New ET7 Electric Sedan Brings NIO Closer To Fully Autonomous Driving Capability
NIO, a Shanghai-headquartered Chinese automobile manufacturer specializing in designing and developing electric vehicles (EVs), recently introduced the world to its ET7 that brings the EV maker a step closer to the fully autonomous driving capability.
The ET7 employs NIO’s most up-to-date NIO Autonomous Driving (NAD) technology, which is based on NIO Aquila’s powerful suite of sensors and NIO Adam’s precise computing skills.
The innovative NAD full-stack autonomous driving capability includes perception algorithms, control strategy, localization and platform software. NIO Aquila includes 33 high-performance sensors, 11 8MP high-resolution cameras, and two positioning units with high precision, V2X, ADMS, 1 ultra-long-range high-resolution LiDAR, 5 millimeter-wave radars, and a dozen of ultrasonic sensors.
According to the company’s claims, NAD will offer safer as well as more relaxing autonomous or self-driving experience from one point to another, gradually covering expressways, urban areas, parking, and battery swapping.
NIO Aquila is capable of generating 8GB of data per second, while NIO Adam features four NVIDIA Orin supercomputers on a chip (SoCs). It has a total computing power of 1,016 tera operations per second (TOPS).
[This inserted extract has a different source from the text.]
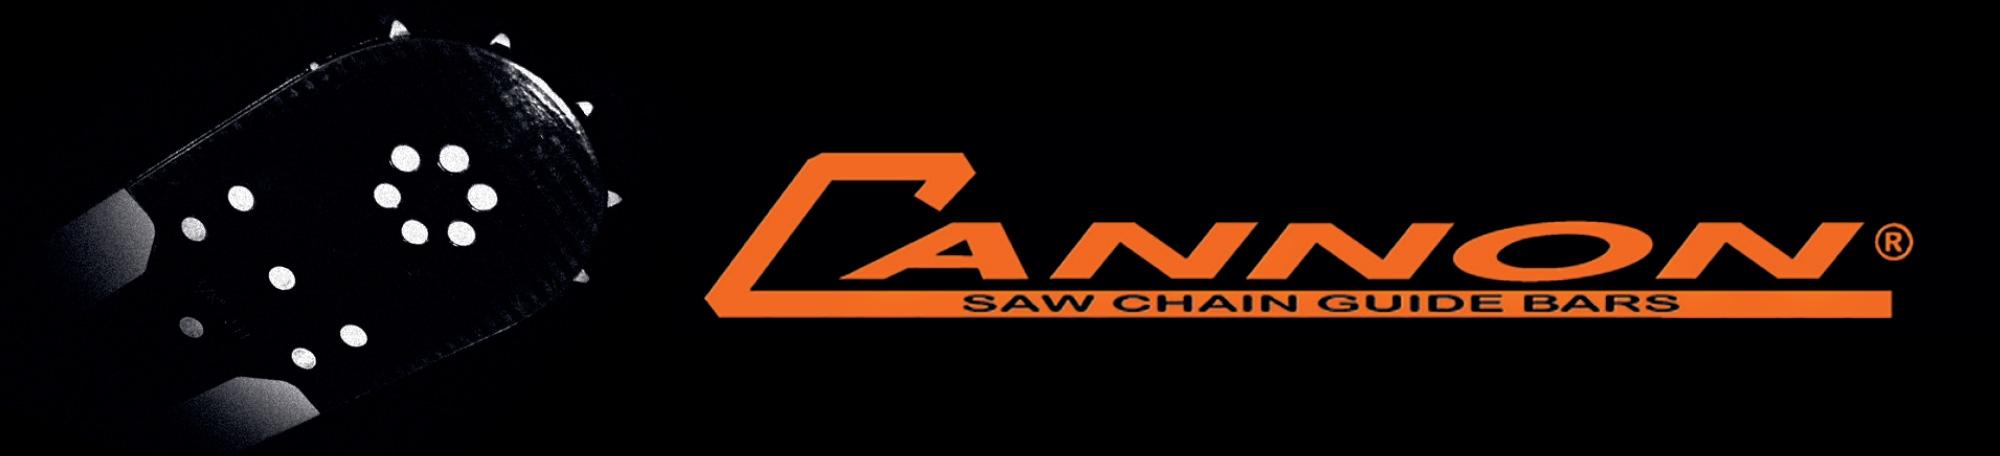 Cannon - Redskapsboden.se

The use of the fully autonomous driving software has positioned NIO in direct challenge to Tesla, the world’s largest EV maker that has long been trying to equip its cars with fully autonomous capability.
For comparison, Palo Alto, California-based Tesla's autopilot system makes use of eight 1.2MP cameras in the Model S; while the NIO ET7 features eleven 8MP cameras. For computing, the American company employs two FDS chips with 144 TOPS, while NIO's four NVIDIA chips perform 1,016 TOPS. NIO is making use of LiDAR technology, which is totally absent in Tesla cars.
Tesla has repeatedly announced that it has no intention to use LiDAR in its cars as it is not necessary to make EVs fully autonomous. Moreover, Tesla believes that LiDAR is too expensive to be used in mass production cars.
Tesla EVs are widely available, and the company has already released a version of its Full Self Driving (FSD) to a small pool of customers for testing. NIO’s ET7 is expected to be ready sometime in the first quarter of 2022.
Meanwhile, NIO competitor Xpeng Motors has announced that it will start using the LiDAR technology in its production cars as soon as the second quarter of this year. If it really happens as planned, Xpeng will become the first automaker to use LiDAR in a production EVs.